Though the batting average of solid economic analysis of the Employee Free Choice Act is not as I would hope (see our last post), Forbes just posted a very insightful look. The article author David Henderson points out that
“Government grants of monopoly (except, possibly, patents, which are problematic) are wrong whether they are granted to taxicab companies (as they are in almost all U.S. cities), TV cable companies, or groups of workers.“
He is speaking of unionization in general, and if you value the concept of true individual freedom, you have to agree with his argument. The article lays out in detail how under our current law (the Wagner Act as passed under Roosevelt in 1935), it is possible for even a minority of workers to usurp the rights of all of the employees at a particular company to negotiate for themselves.
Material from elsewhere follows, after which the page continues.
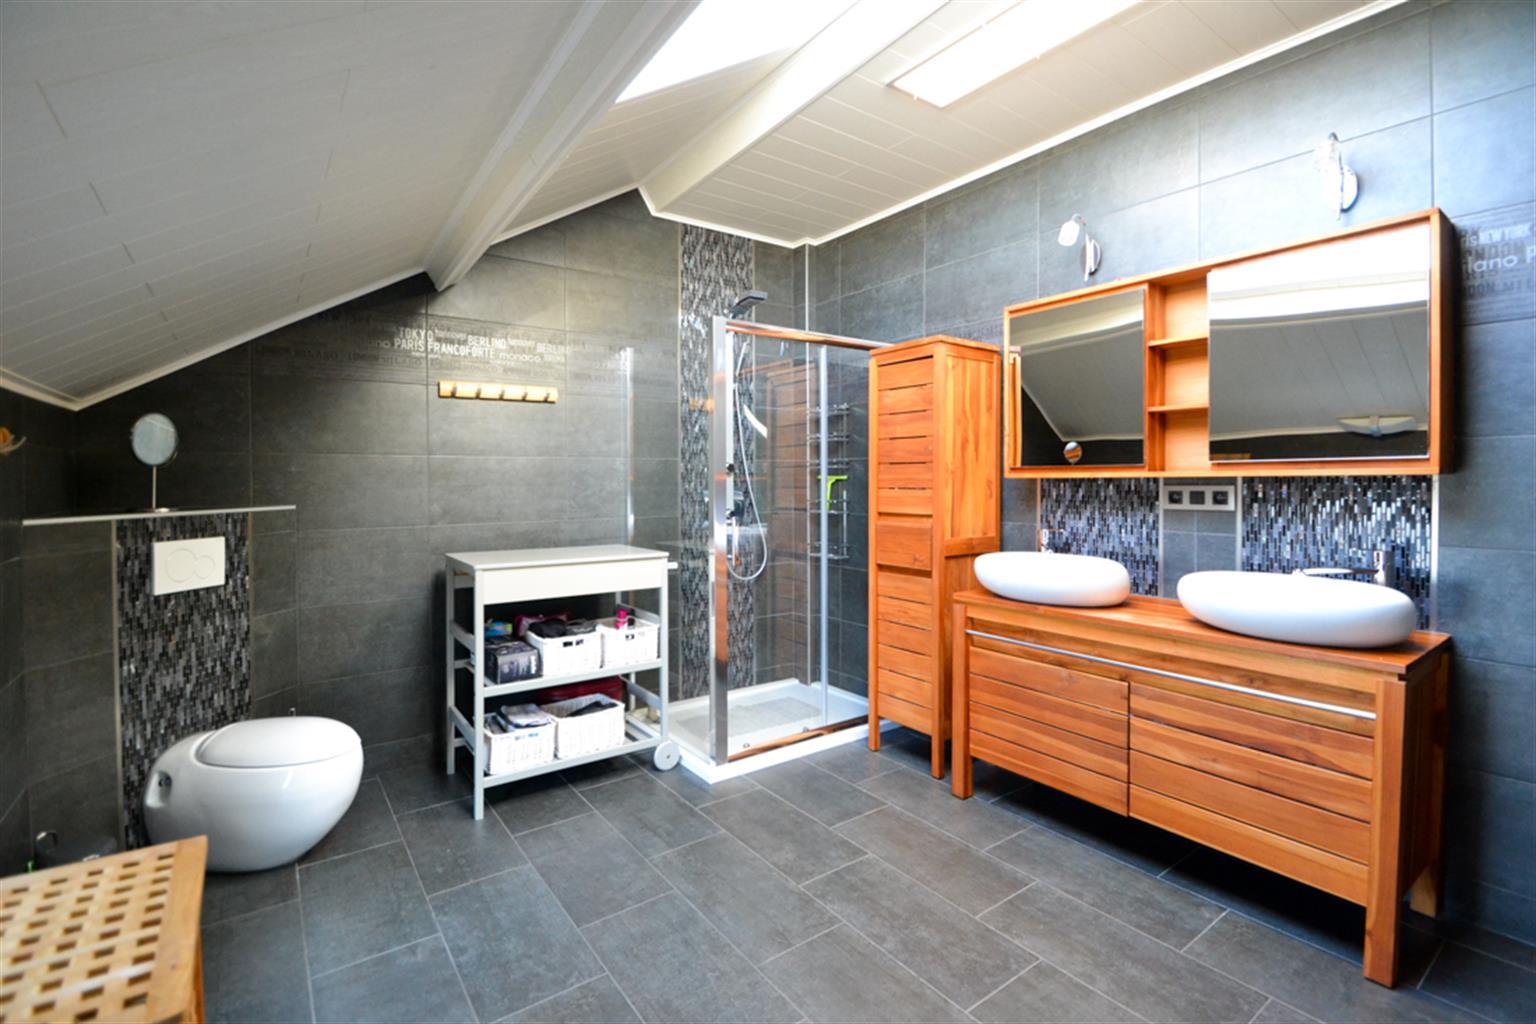 Maison - Gouy-lez-Piéton - #3687432-13
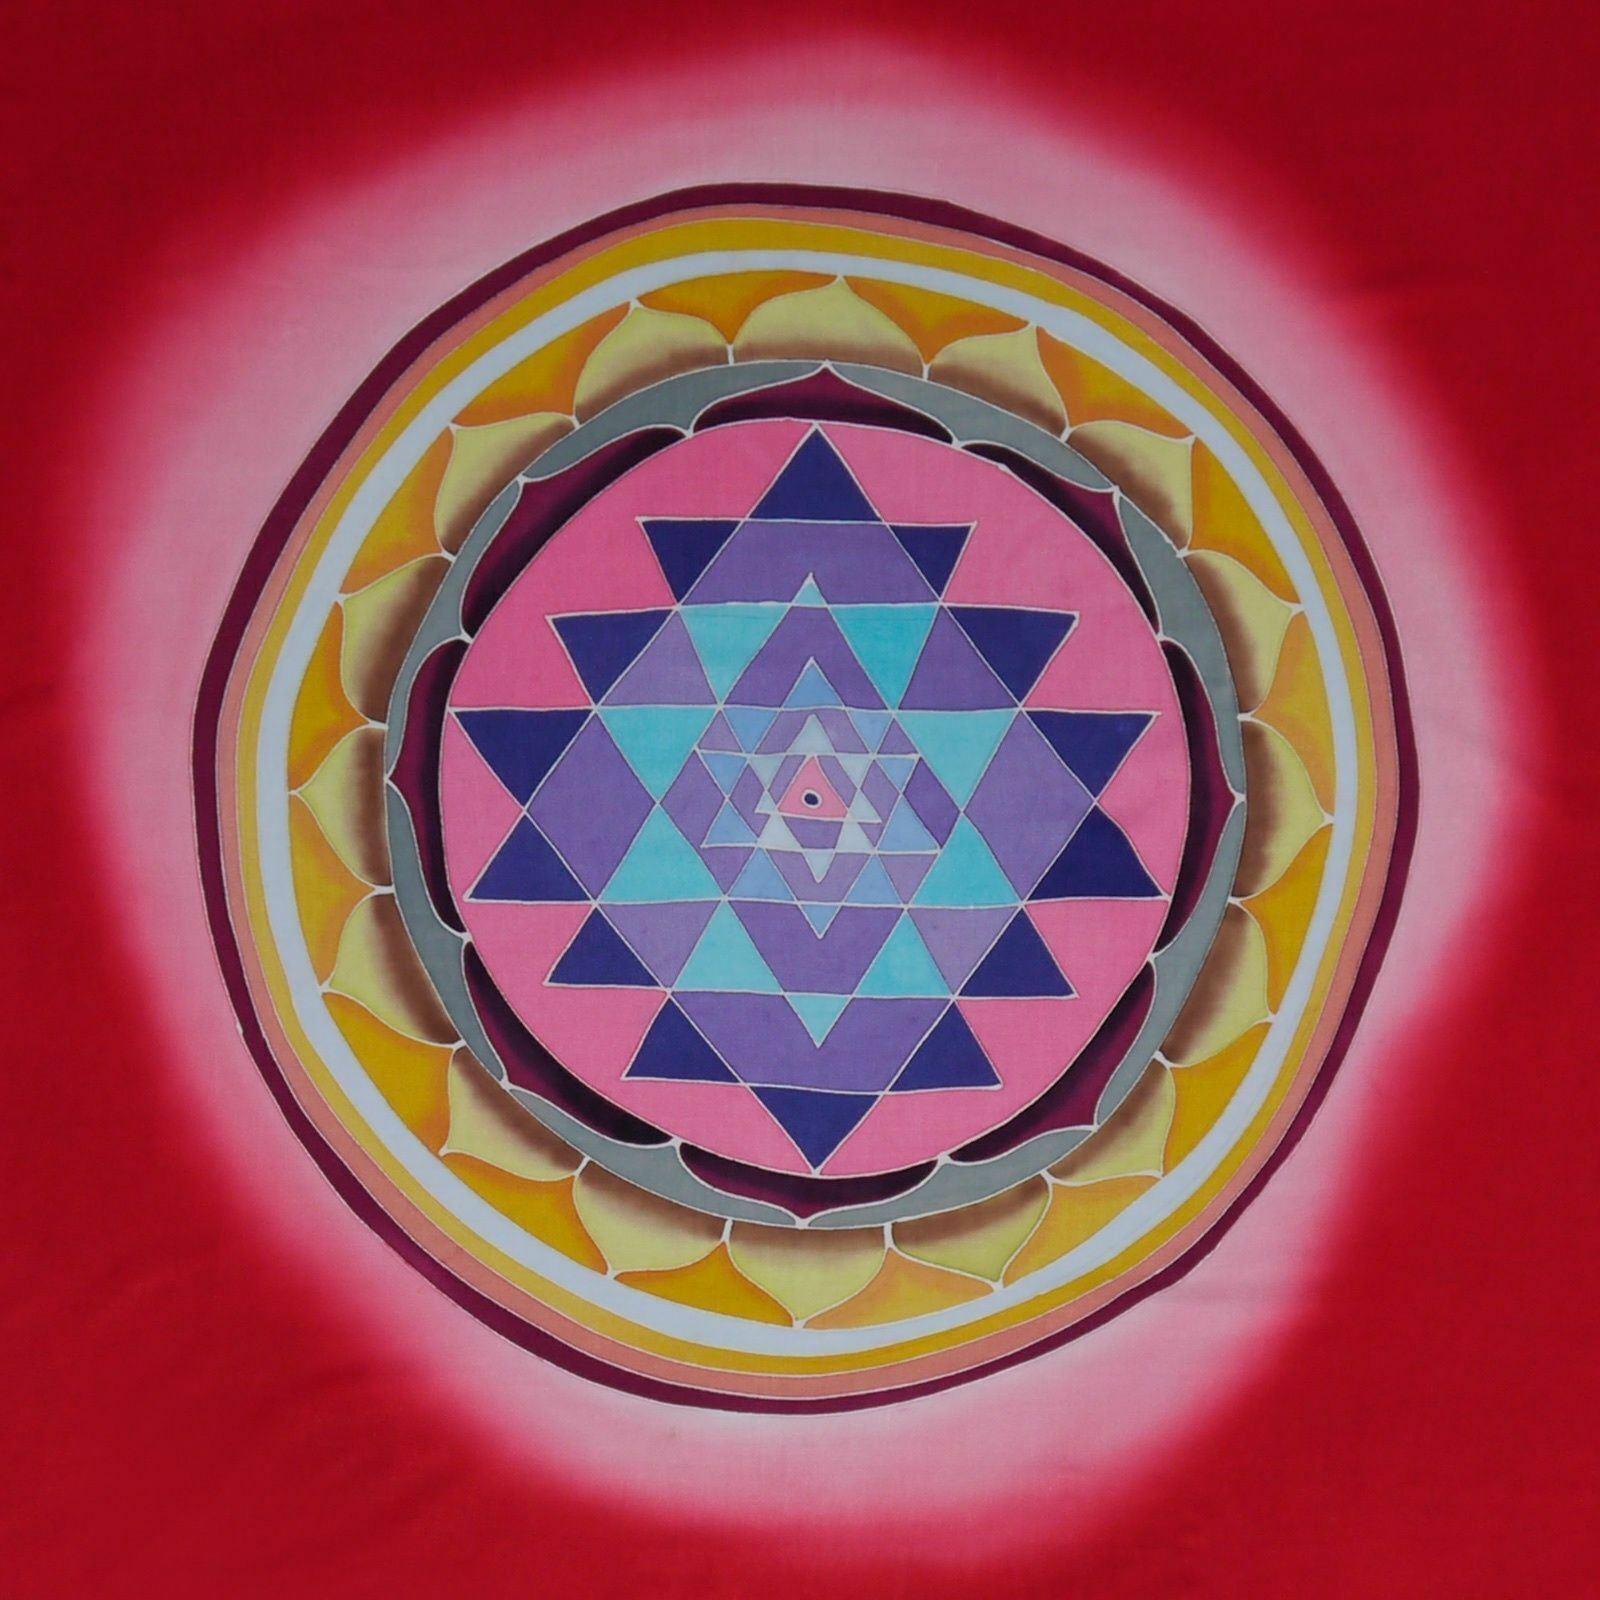 Bali Hand Painted Batik Wall Tapestry Flag Sacrot Geometry Lotus Mandala 45x81

More to the point, the economics of such a monopoly are detrimental to the entire economic landscape:
“Decades of research by labor economists have come to the conclusion that the small percentage of workers who are in unions get higher wages but that most of these gains come at the expense of non-union workers. How so? In response to higher wages due to unionization, employers lay some employees off or do not hire as many in the first place. These workers then go to the non-union sector, driving wages down there. One might think that the solution is to unionize all labor so that there would be no non-union wages to be driven down. But if that were to happen, the effect would be zero wages for the millions of workers put out of work by union monopolies.”
And as the recent Boeing episode suggests, job loss would be magnified by companies moving completely out of the country wherever possible.
The Employee Free Choice Act is not just a bad idea, it is a bad idea that makes an already bad situation (a reduction of individual liberty) even worse!